The CBI’s SME Market Report for 2021 also noted that SME credit applications were down slightly year-on-year in 2020 (18% vs 20% in 2019), possibly due to the availability of public supports through the Covid-19 pandemic.

SMEs were borrowing for working capital needs (59%) over investment, while those that did not apply for credit said that they had sufficient funds in seven out of ten cases.

The CBI report found that the share of undrawn credit balances available to SMEs is small in some of the most affected sectors, i.e. 3.6% in December 2020 for accommodation and food.
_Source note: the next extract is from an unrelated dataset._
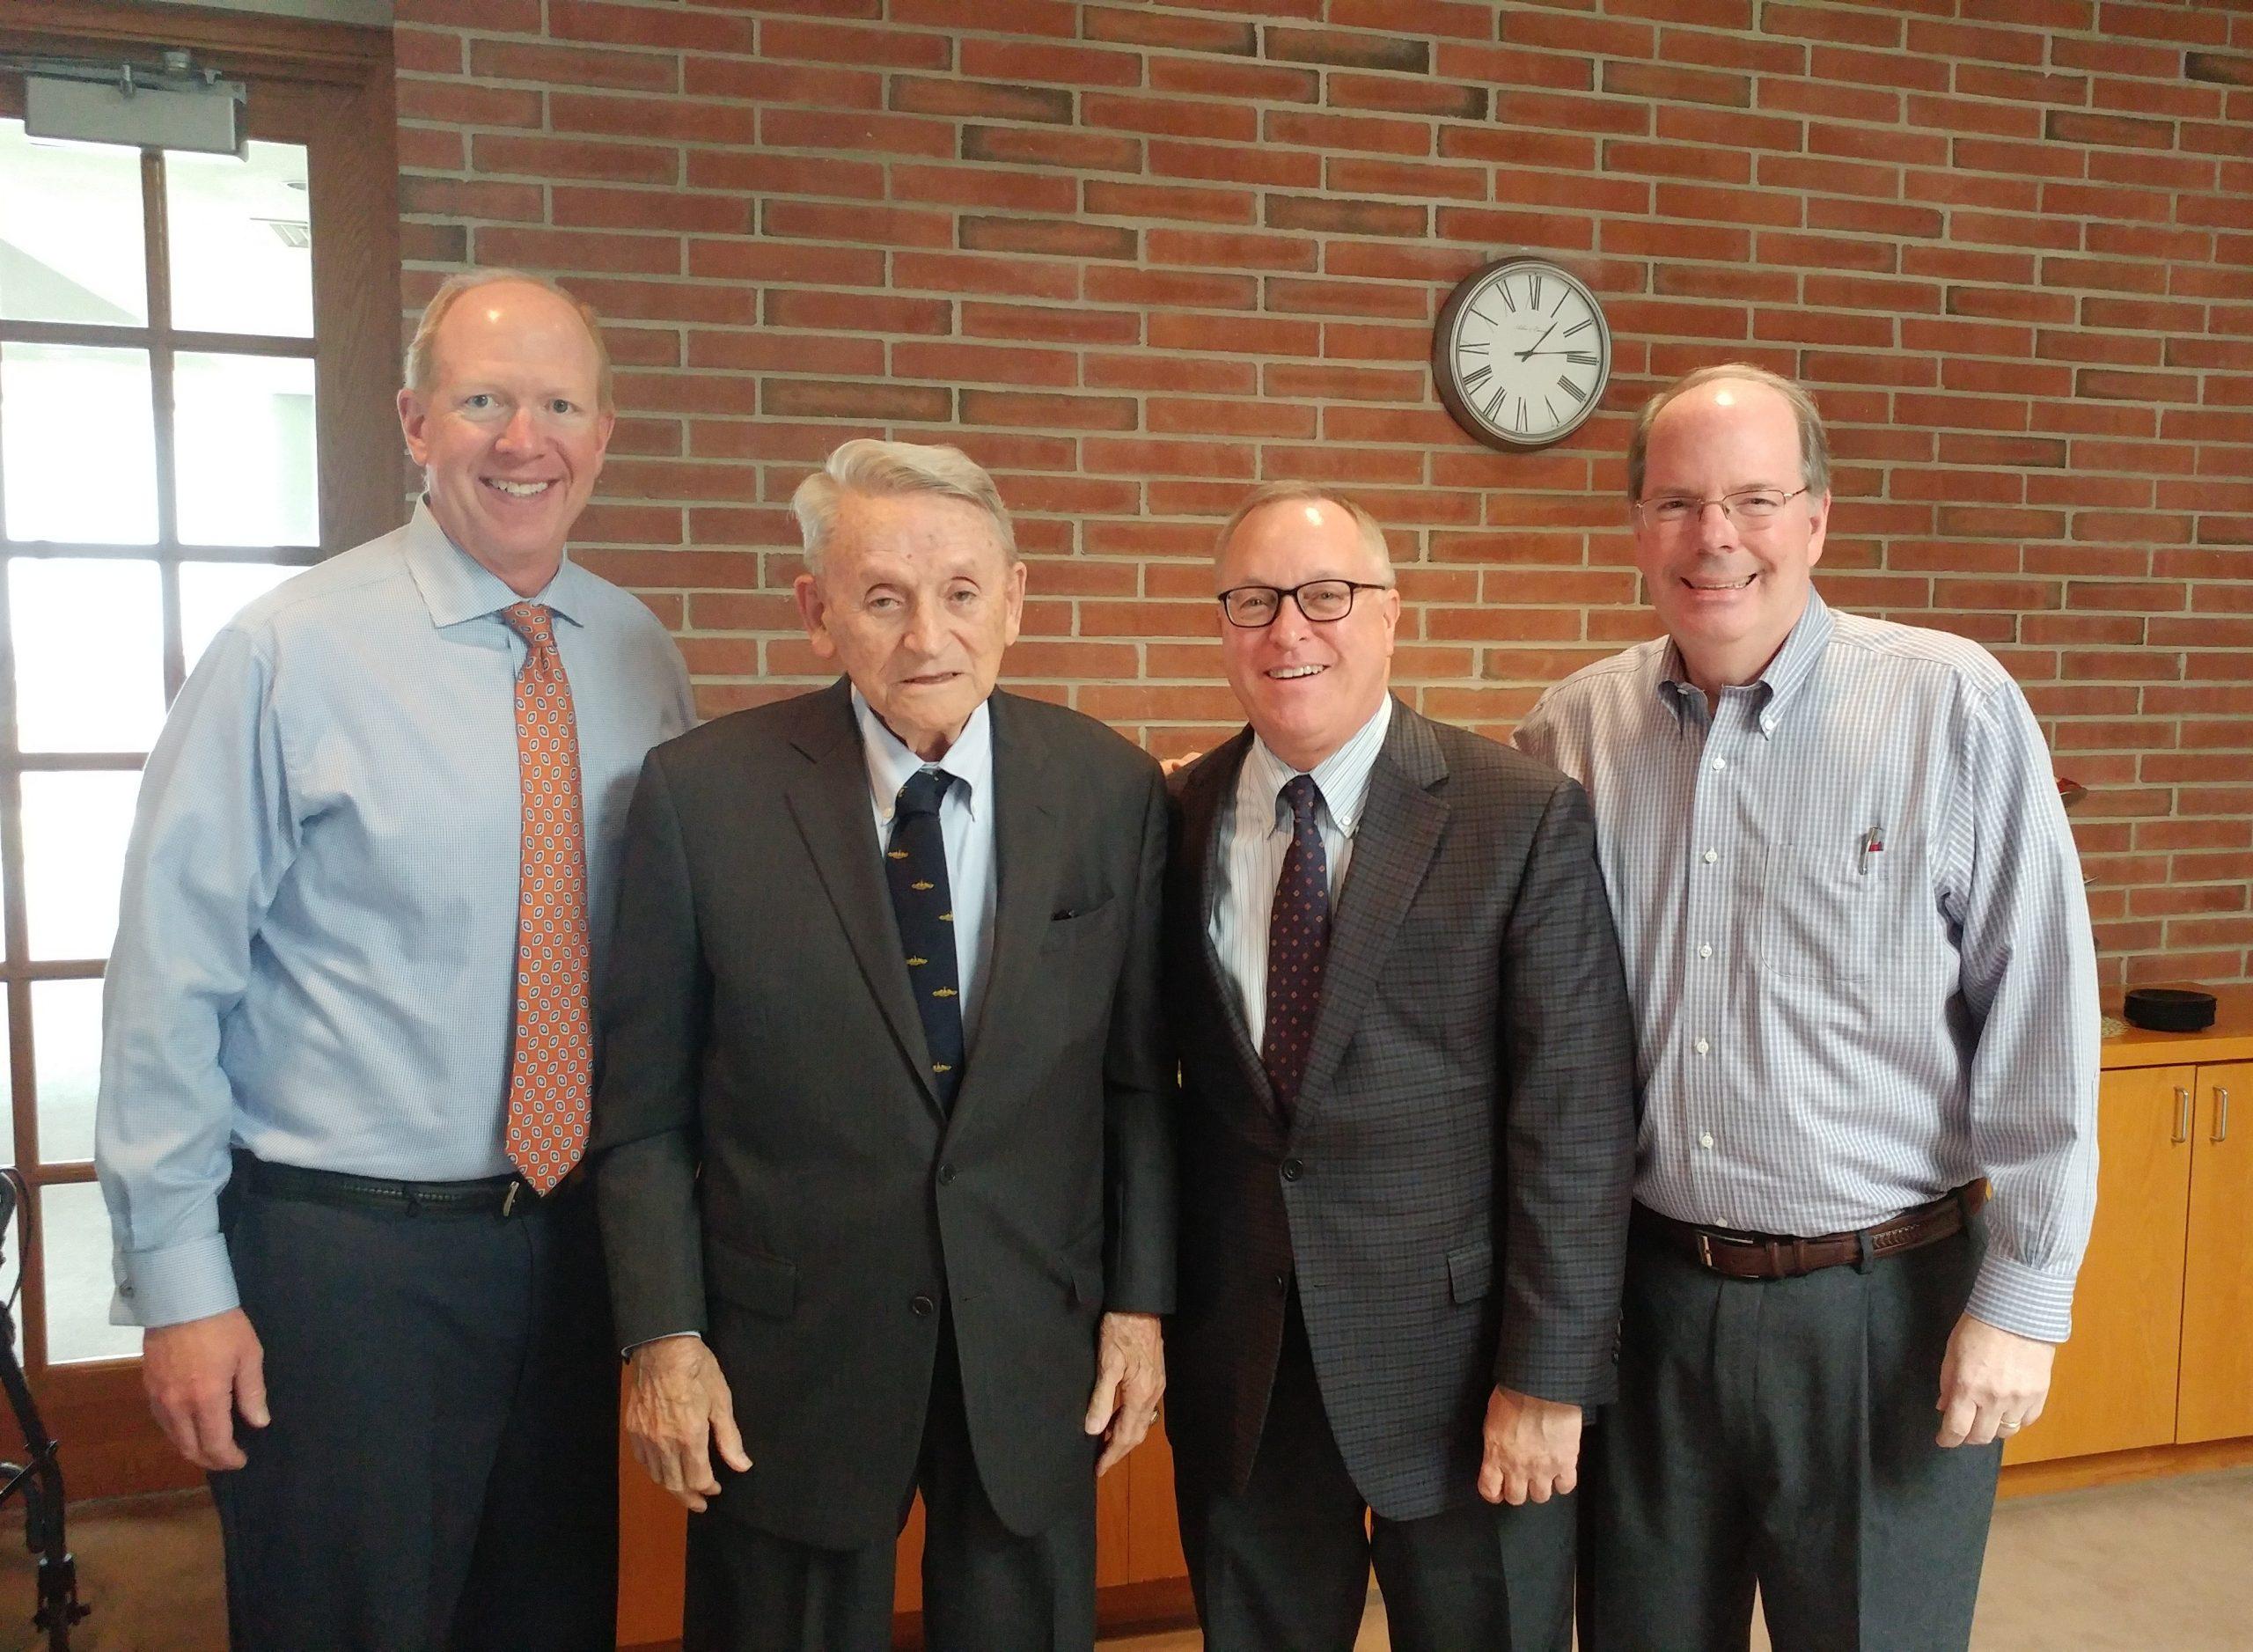 Benedictine announces retirement of Board member Adm. Al Burkhalter

Banks reported tightening credit standards for SMEs in Ireland in 2020 but loosening of standards for guaranteed lending upon the introduction of the Credit Guarantee Scheme in the second half of 2020. This tightening was not driven by factors relating to bank balance sheets, but mainly by the general economic deterioration and specific factors for individual firms.

In Association with

Expired payment breaks on Republic of Ireland SME loans have mainly returned to full payment on extended (47%) or existing terms (33%), one in five requiring further support or entering arrears.

Almost two-thirds of SMEs in Ireland had declining turnover on net, and while SMEs have adjusted to this via reduced expenditure and the use of state supports, turnover declines have only partially been offset, with firms making losses on average in 2020. Further losses are expected to accumulate until the pandemic recedes, the CBI report warns.

Deputy governor Sharon Donnery said that while credit to SMEs was down overall in 2020, the reduction reflected both reduced demand from SMEs in 2020 and some tightening in supply conditions. “This tightening of credit conditions was much smaller than in the financial crisis, and was driven by general economy and firm specific factors as opposed to bank balance sheet constraints as in 2008.

“Monetary, macro- and micro-prudential policies have complemented each other so that the financial system has worked to absorb rather than amplify the shock, to maintain the flow of credit to the economy. The government guaranteed lending appeared to have eased credit conditions for SMEs.”

Separately, the Central Bank also published a research technical paper this week that was written by Fergal McCann and Fang Yao. The paper develops a microsimulation model that can identify SMEs as financially distressed due to their inability to meet short term losses with cash (liquidity distress) or to meet their debt repayments (solvency distress).

The paper estimates that around one-in-six Irish SMEs may have been financially distressed at the end of 2020, or 14% when weighted by debt balances.